LG-2 LST’s Reservoir quality

LG2-LST has a porosity range of 4–15% with permeability from 0.1 mD to 5 mD. Good porosity values are confined to the south and north-east of the study area (Fig. 14b) and coincide with the sand geometries (lobe-01 and lobe-02) shown in Fig. 13b. Porosity values of more than 10% are also concentrated in the distal settings of the study area, i.e. around the W-06 well. Both the lobes have good porosity values owing to the fluvio-deltaic environments while good porosities around the well W-06 are caused by outer shelf turbidites.

LG-3 LST’s Reservoir quality

The range of porosity values in LG3-LST fall between 4 and 13% while permeability from 0.1 to 25 mD. A higher permeability value of 25mD in the W-09 well owes to the facies deposited as prograding deltaic sands. The permeability values of 10 mD calculated in W-08 and W-06 wells may have been caused by sand facies deposited in delta front and outer shelf turbiditic environments, respectively. The porosity map of LG3-LST reveals that the good porosity values are confined to the central part of the study area (Fig. 14c). The porosity values around the well W-06 are about 8% owing to the turbiditic sands while the porosity value to the west of the well W-06 decreases gradually due to shelf fines.

LG-4 LST’s Reservoir quality

The porosity values in LG4-LST range from 9 to 17% while permeability from 1 to 30mD. The higher permeability value of 16mD and 30mD found in the wells W-15 and W-09, respectively, are identified by fluvial channel sands based on well log motifs. There is a general rise in the porosity values from 9% in the south-east (around the well W-15) to 17% in the north-west, i.e. around the well W-06. Further to the west (across well W-06) porosity values decrease owing to the marine sediments (Fig. 14d).

LG-5 LST’s Reservoir quality

LG5-LST is the uppermost part of the second-order LST of the Lower Goru Formation (Fig. 8). Porosity values in this system tract range from 10 to 14% with permeability values from 0.3 mD to 30 mD. The higher permeability values of 25 mD and 30 mD are found in W-06 and W-15 wells, respectively. These higher values of permeabilities in both wells may be correlated with the facies identified as outer shelf turbidites and fluvial channels, respectively. Porosity values of ~ 14% in the proximal part of the study area (SE) drop to ~ 10% in the central part of the study area (Fig. 14e) and again rise to 14% towards the distal part in the west (in well W-06). Further to the west, the porosity values decrease gradually, representing outer shelf settings.

There is a gradual shift of higher porosity values from proximal settings (east) to the distal settings (west) from LG1-LST to LG5-LST, respectively. This shift may have been caused by an overall progradation of second-order LST of the Lower Goru Formation.

LG-6 LST’s Reservoir quality

LG6-LST is the first LST (of third order rank) at the base of the second-order TST of the Lower Goru Formation (Fig. 8).
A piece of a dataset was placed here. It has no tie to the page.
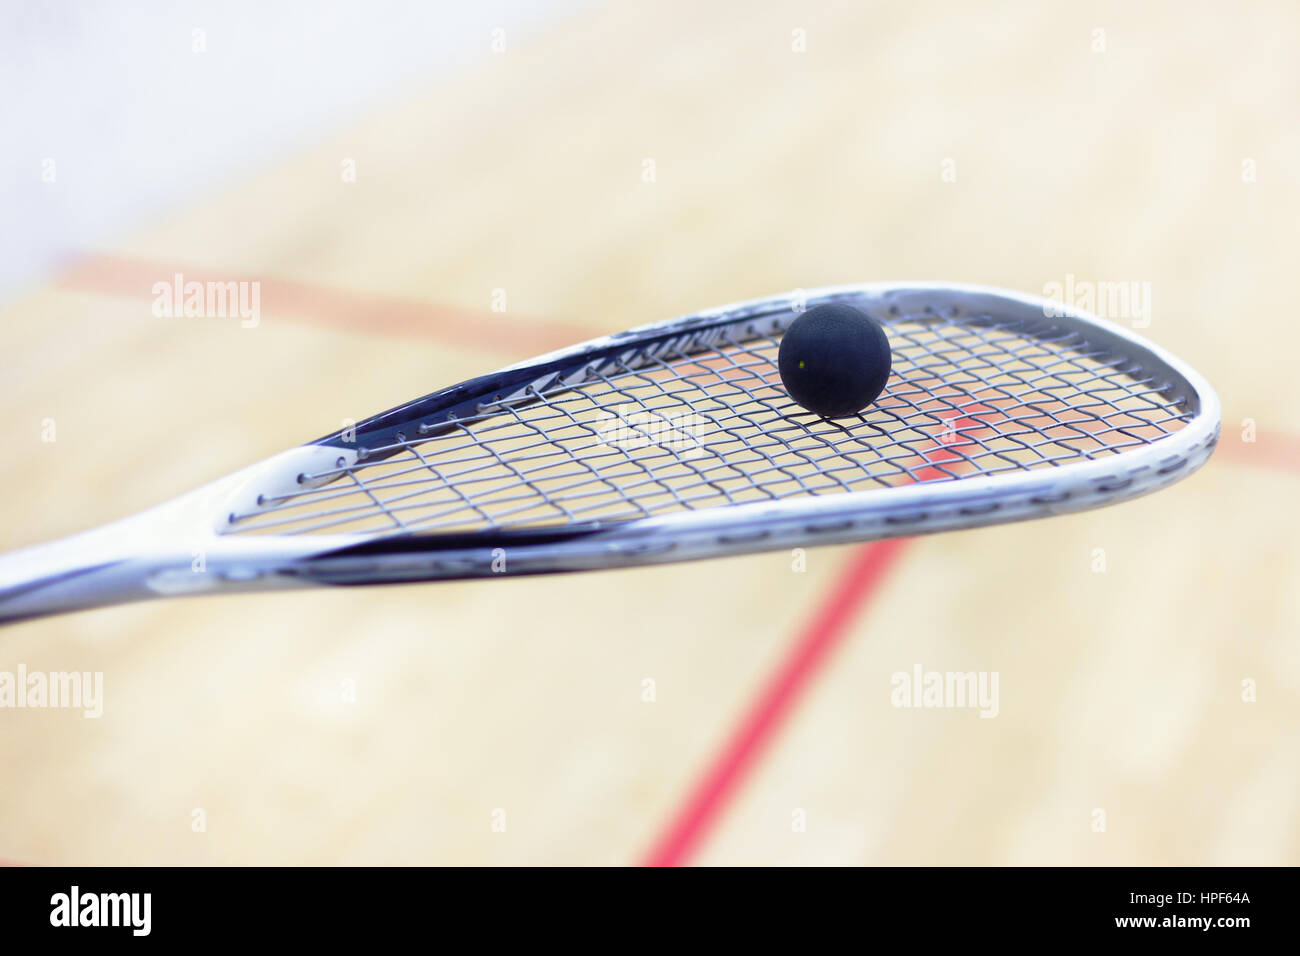 Squash-Schläger und Ball. Squash-Ausrüstung. Squash-Ball auf Squash-Schläger mit Gericht auf dem Hintergrund. Foto mit Muskelaufbau und selektiven Fokus Stockfoto

This LST has a porosity variation of 6–15% with a permeability range of 0.05–16 mD. A higher permeability value of 16 mD is encountered in well W-15 where the said LST is composed of sand facies deposited in the fluvial channel and deltaic environments (Fig. 5, 11) with an effective porosity of about 13%. The well W-15 is also producing hydrocarbons from the fluvial channel sands of LG6-LST. The porosity map of LG6-LST (Fig. 14f) reveals that there is a gradual decrease in the porosity values from proximal settings (SE) to the distal settings (NW).

LG-7 LST’s Reservoir quality

LG7-LST has a porosity range from 9 to 20% with permeabilities from 0.04 mD to 21mD. Higher permeability values of 15 mD and 21 mD are encountered in W-15 and W-23, respectively, and seem to be preserved in sand facies deposited in fluvial channels at the base of said LST. Porosity map of LG7-LST (Fig. 14g) reveals that there is a gradual decrease in the porosity values from proximal settings (SE) to the distal settings (NW) owing to fluvio-deltaic settings and outer shelf settings, respectively.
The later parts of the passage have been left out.